When they got the call that the landing site was clear, the pilots still thought they were heading for FOB Inkerman. It was only when they got ‘in amongst the weeds’, flying ‘ultra-low’, said Benzie, that they noticed orange smoke rising in the green zone itself. They took a deep breath. There was almost no protection from gunfire there.
They were coming in fast and had to stop abruptly to get the helicopter down in a small field. As the pilots looked out, they could see guys on the ground tucked into the firing positions. If, like now, no one was looking at the chopper, that meant trouble. ‘The more we looked out,’ remembered Benzie, ‘the more we realized we should lean back and benefit from the Kevlar protection that the aircraft has to offer.’
In the back, crewman Sergeant Scott Todd saw the first casualty – Fletcher – approaching. ‘He was losing a lot of blood. I thought it strange straightaway that the casualty was in a poncho, which is like an emergency battlefield stretcher. It means pretty much you’re close to the fire fight.
‘I was shouting with adrenalin as well, trying to get the guys in fast because the guys in the front were saying, “How long?” I was just trying to call out an estimated time and shouting to the troops to hurry up, to double it.’
They lifted the casualty over the M60 chain-link machine gun on the ramp and, when Todd went back, he found a solid blood trail over his gun. ‘So I knew he was losing blood fast.’
Kneeling in the field, Ogden, the medic, had been preparing the casualties.
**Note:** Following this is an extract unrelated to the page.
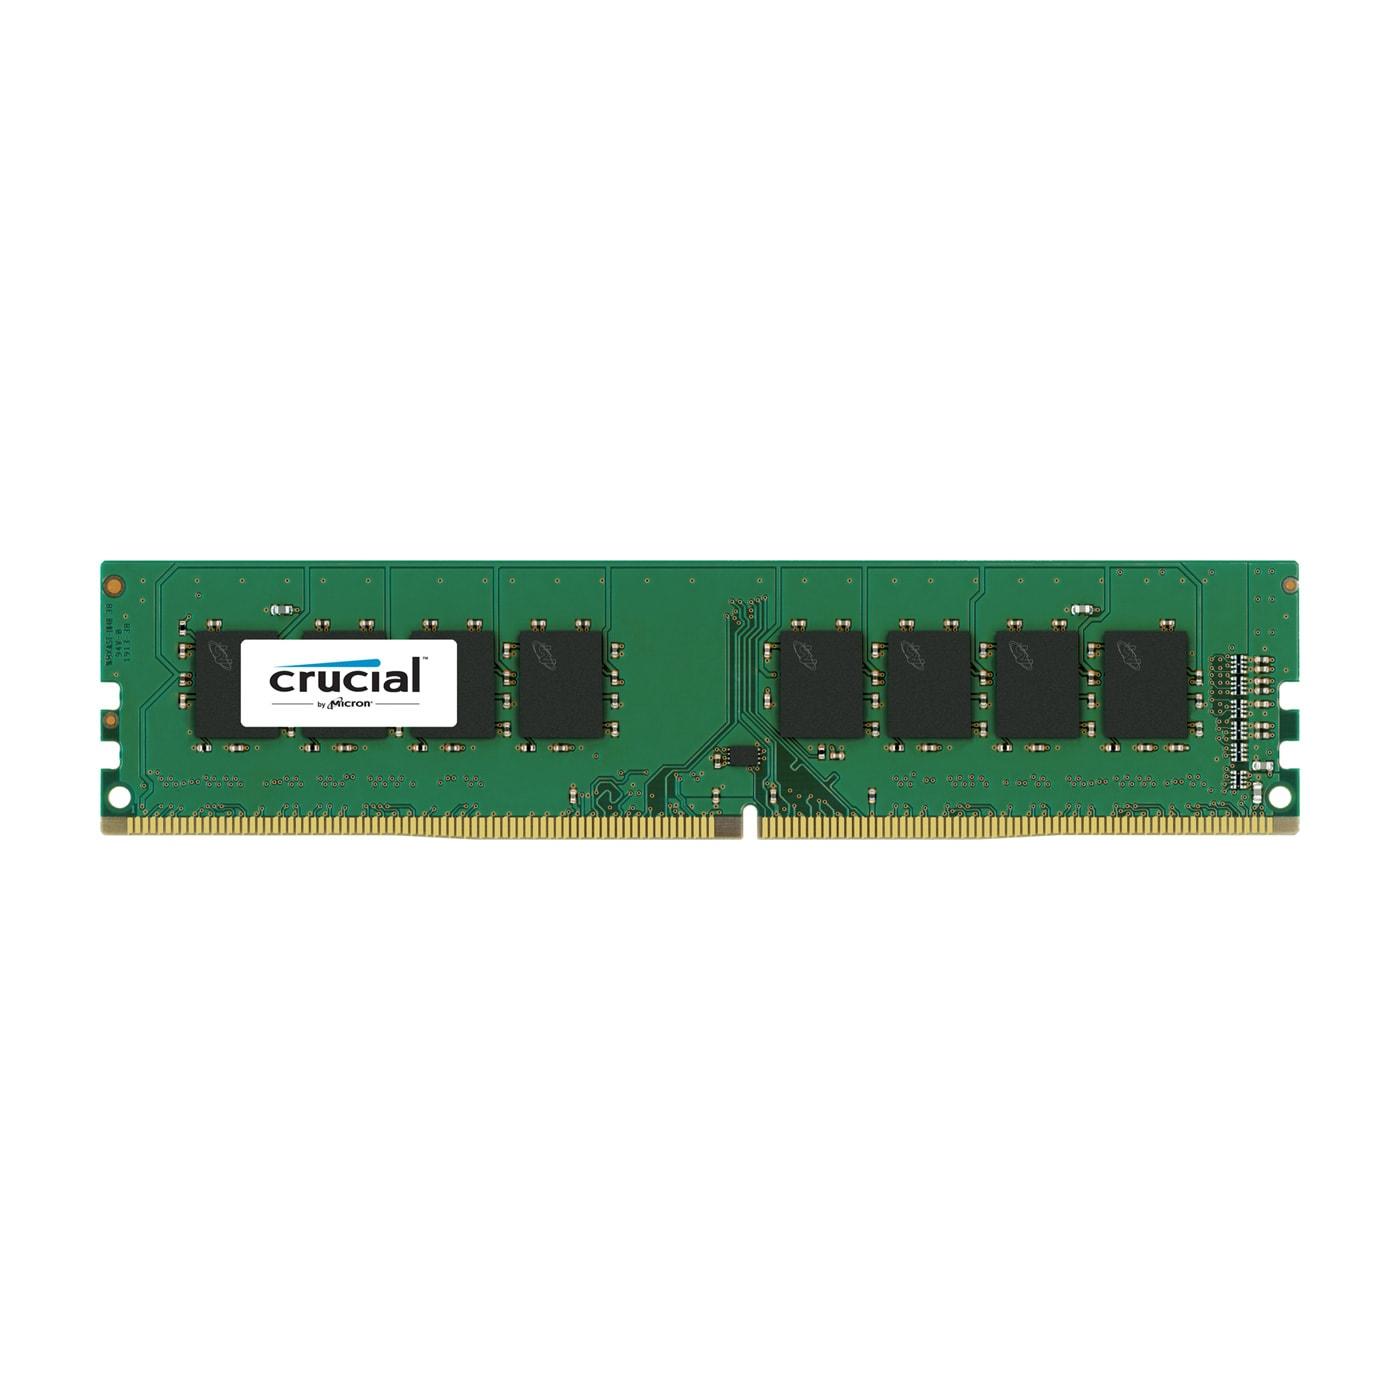 Crucial CT16G4RFS424A  16Go DDR4 2400MHz - Mémoire PC Crucial - 0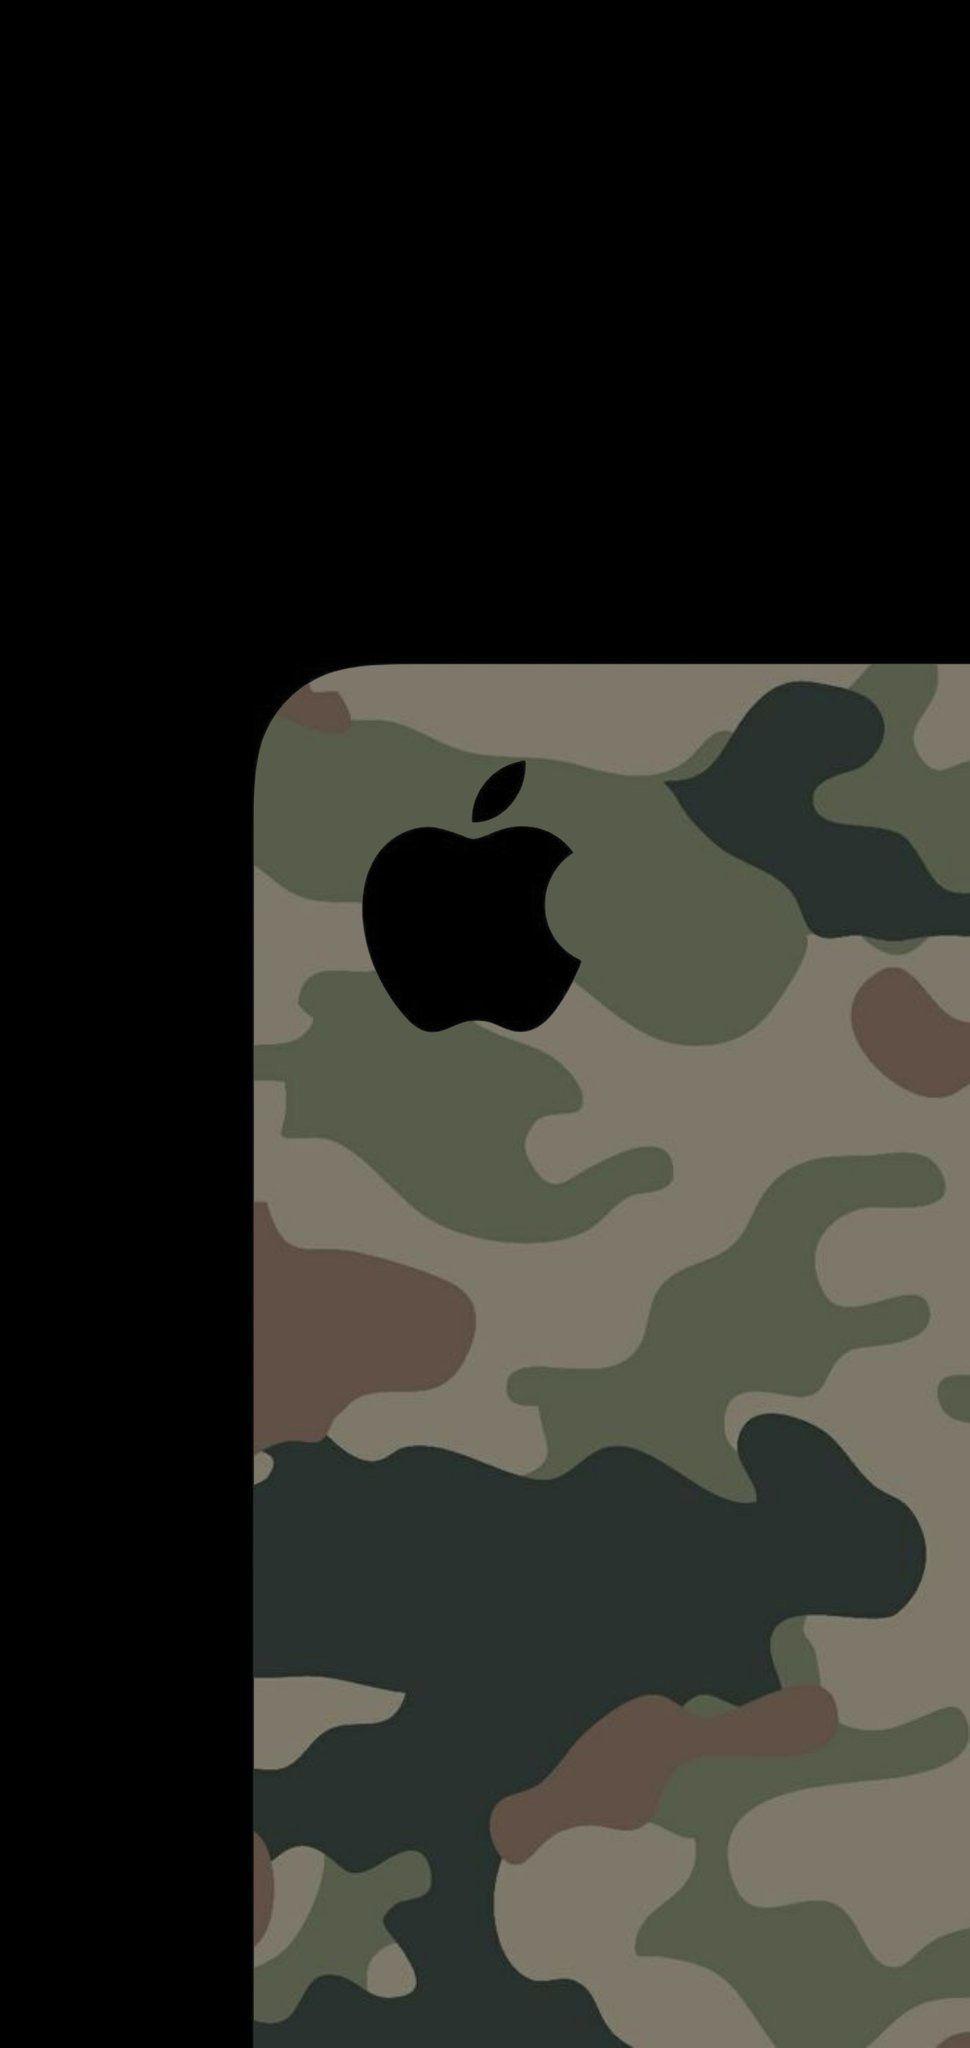 Apple Logo • Camouflage  #ios13wallpaper #iOS13 #iphonewallpaper #apple #logo #colorful #lockscreen #homescreen #iphonexr #iphonexs #iphone11 #iphone11pro #ios13wallpaper Apple Logo • Camouflage  #ios13wallpaper #iOS13 #iphonewallpaper #apple #logo #colorful #lockscreen #homescreen #iphonexr #iphonexs #iphone11 #iphone11pro #ios13wallpaper Apple Logo • Camouflage  #ios13wallpaper #iOS13 #iphonewallpaper #apple #logo #colorful #lockscreen #homescreen #iphonexr #iphonexs #iphone11 #iphone11p #ios13wallpaper

Looking up as the ramp dropped, he could see the crew had no idea what they had landed into.
‘When the Chinook came in, as the back door dropped down, the “doc” [a medic] ran off, all springy and bouncy. As he came out to us a load of bullet rounds came past us. He just seized up. I think it was his first time being shot at. Obviously he tried turning back around towards the helicopter! So I dragged him back and held him. He was listening but not registering.’ Ogden handed him a piece of paper where all the conditions of the casualties were written down. ‘Eventually he just ran on the back again.’ The Chinook pulled away in a choke of boiling dust.
Alpha Company still had to get back home. They moved back in a rolling barrage of white smoke from mortars and high explosive from artillery. Even so, at 17.50, their rear was attacked as they neared the base.
Finally a Dutch F-16 dropped a 500-pound bomb, and after that it went quiet. There had not been a break in the fight for two hours. The Apaches were still circling and watching to see if anyone was following them.